Records from a data collection:
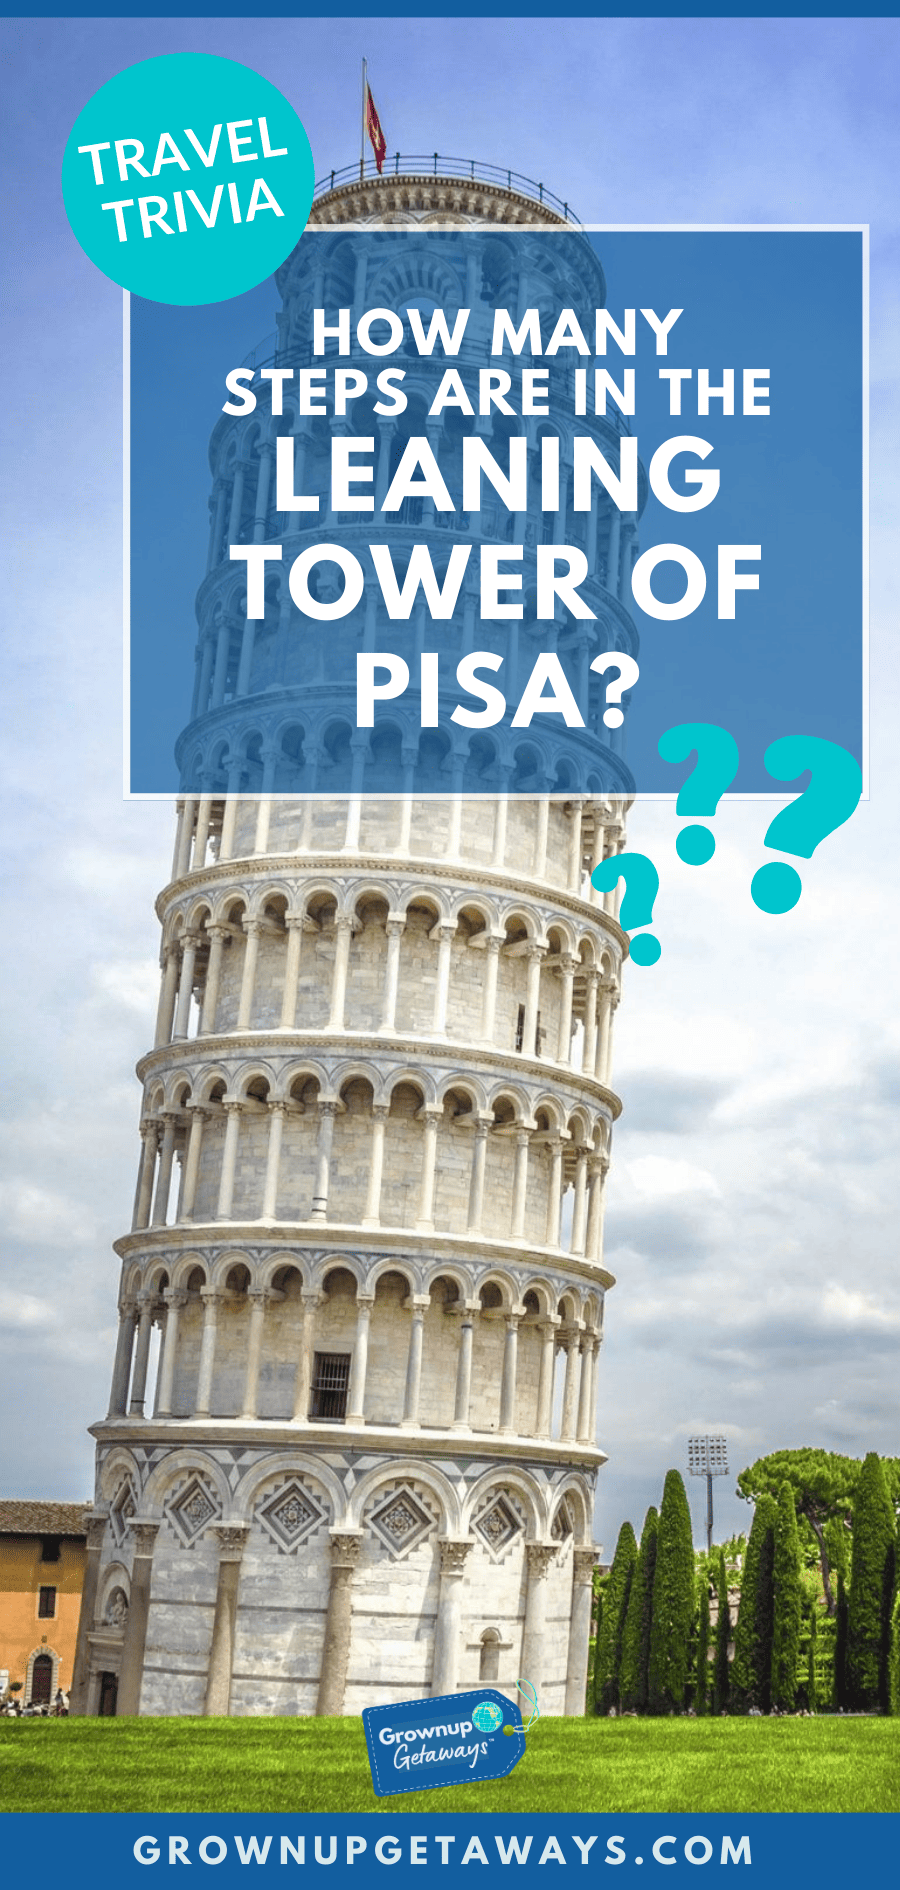 How many steps are in the Leaning Tower of Pisa?
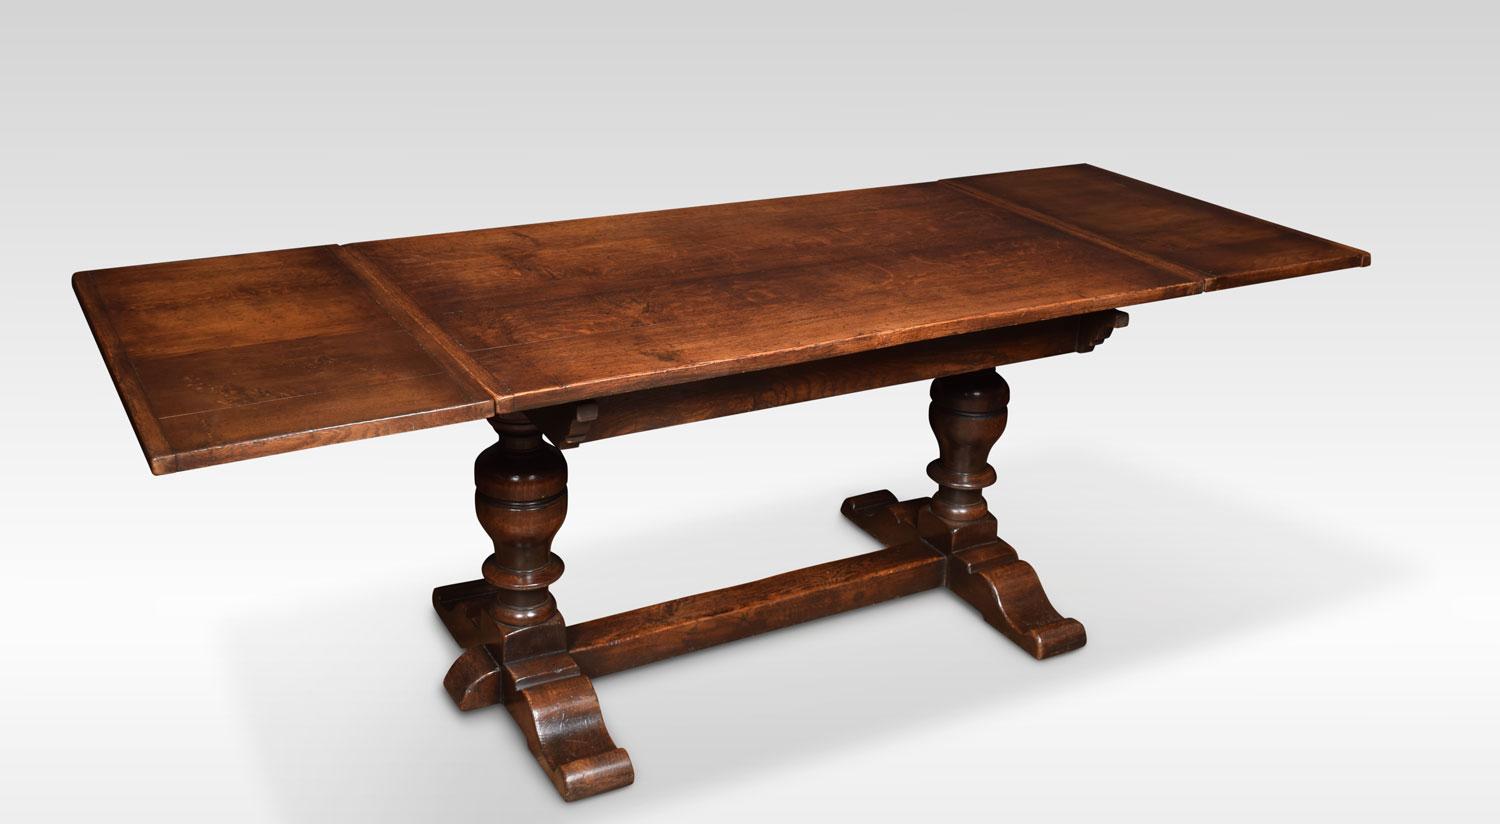 Oak draw leaf refectory table, the rectangular solid oak top having pull-out ends. Above lobed carved bulbous supports united by a stretcher.
Dimensions:
Height 31 inches
Width 54 inches opening to 90 inches
Depth 32.5 inches.

> _Required action_: Only exact duplicates of the lines from the one containing "Oak draw leaf" through the final line of the entries, both included, are needed, with pictures left out.

> _Task answer_:
 Oak draw leaf refectory table, the rectangular solid oak top having pull-out ends. Above lobed carved bulbous supports united by a stretcher.
Dimensions:
Height 31 inches
Width 54 inches opening to 90 inches
Depth 32.5 inches.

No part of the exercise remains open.